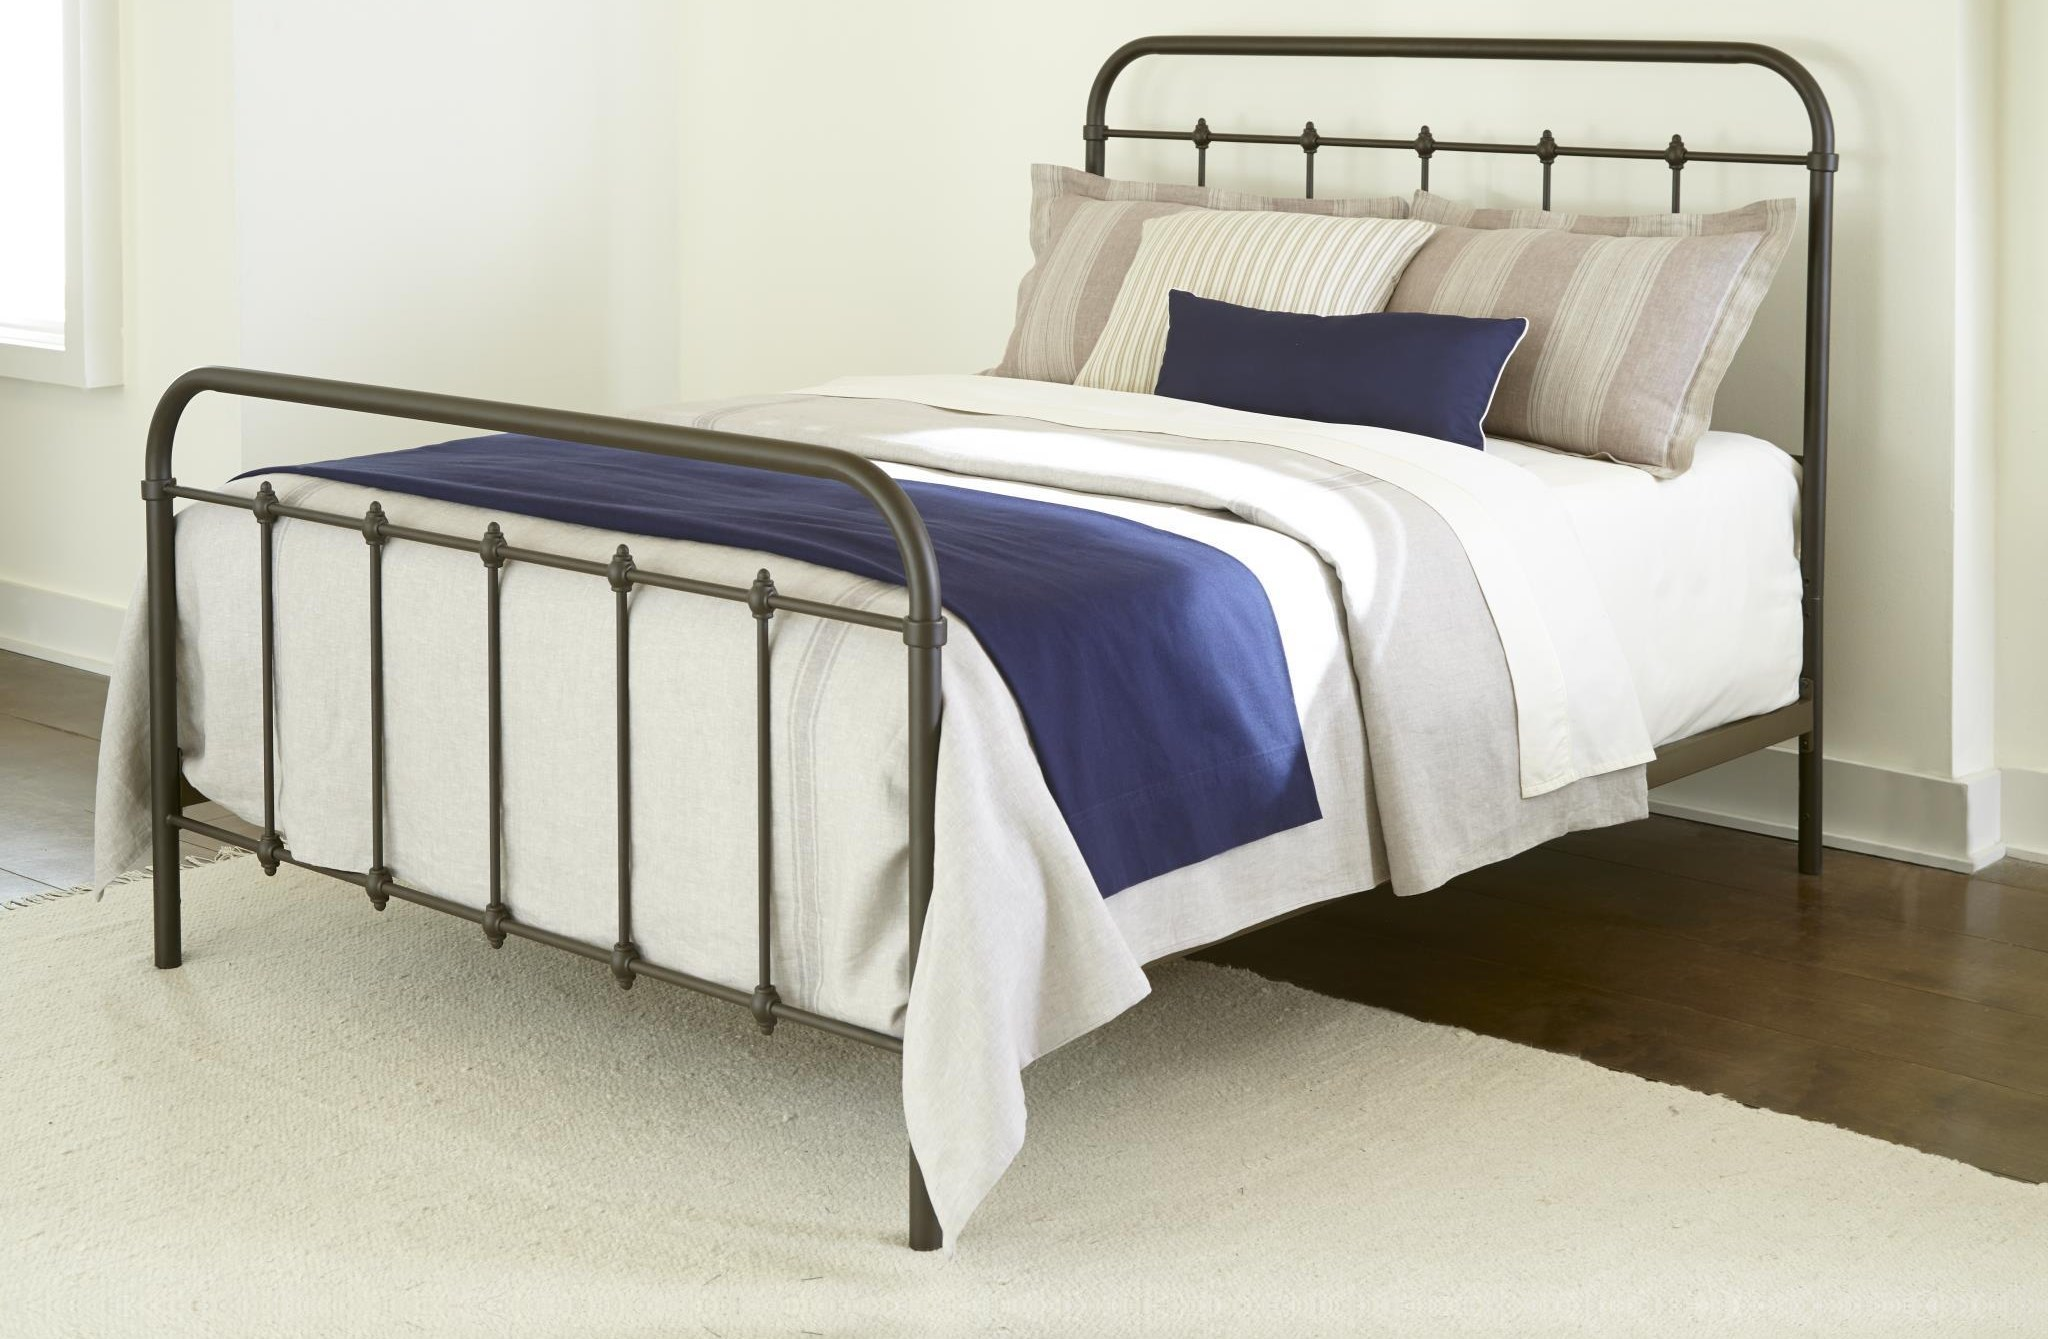 232Grey Twin Size Metal Bed by Kith Furniture at Furniture Fair - North Carolina
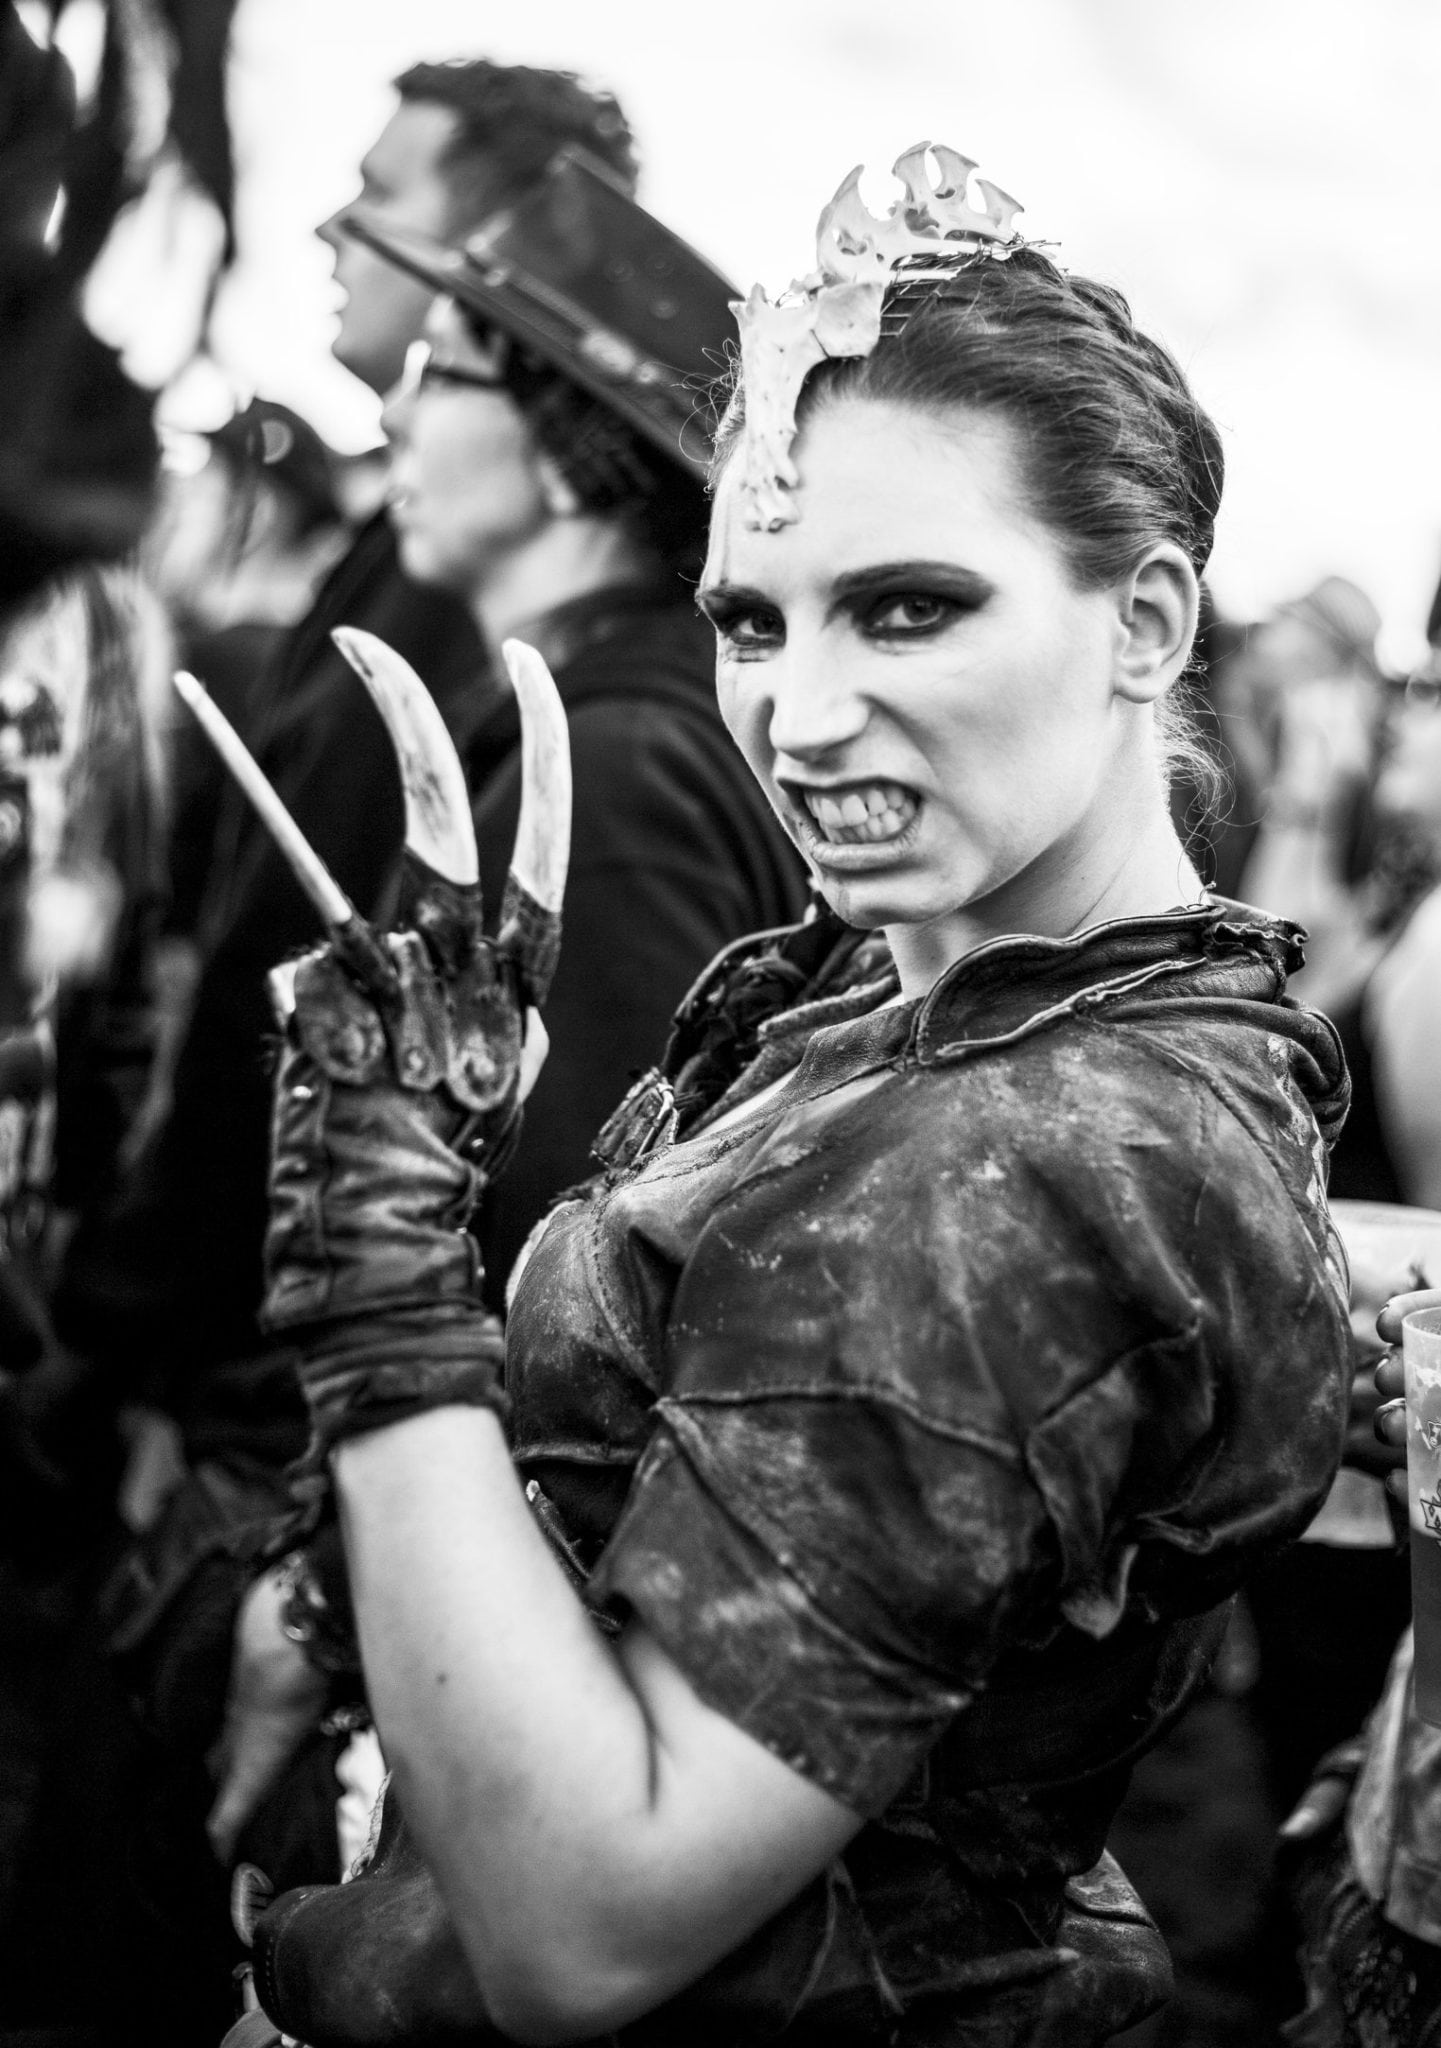 Wacken 2016-Fotoreportage
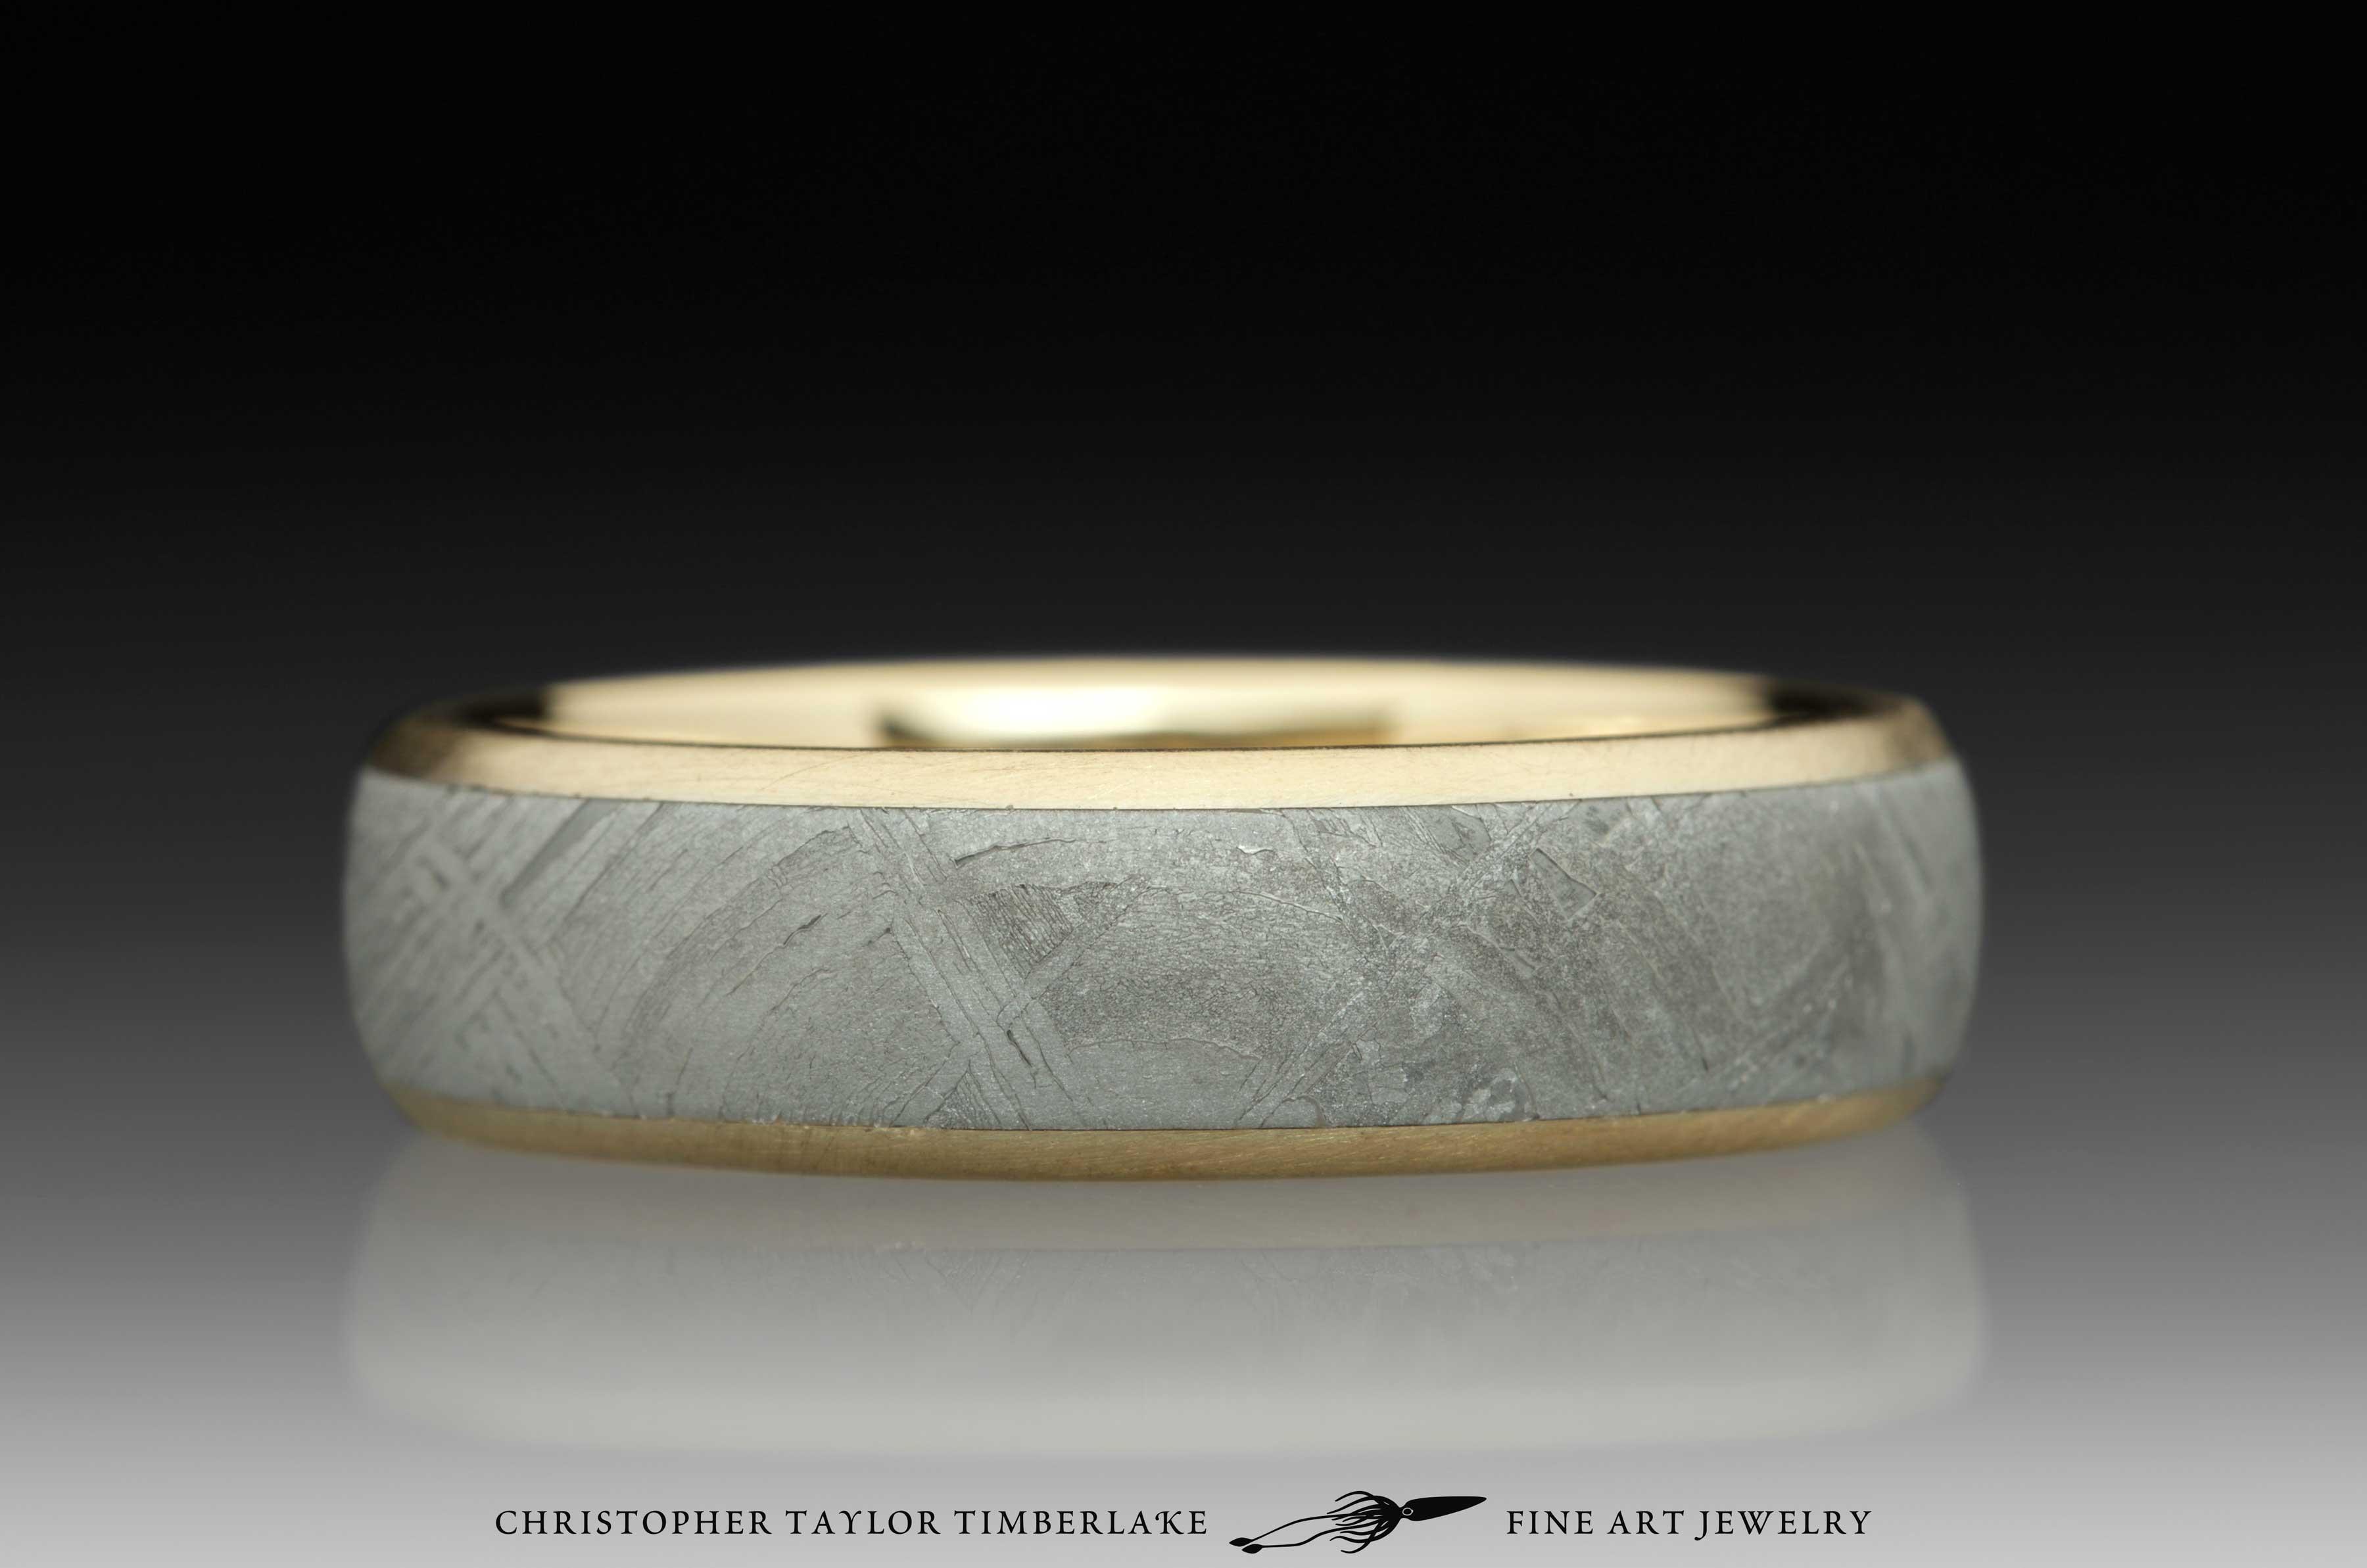 Meteorite-14K-karat-yellow-gold-ring,-domed,-etched,-(.75-4.5-.75)-6mm,-14K-yellow-gold-rims-4

Goal of the exercise:
Omit all pictures, and repeat exactly the lines from the line containing "Wacken 2016-Fotoreportage" through the end of the data.

Answer to the exercise:
 Wacken 2016-Fotoreportage
 Meteorite-14K-karat-yellow-gold-ring,-domed,-etched,-(.75-4.5-.75)-6mm,-14K-yellow-gold-rims-4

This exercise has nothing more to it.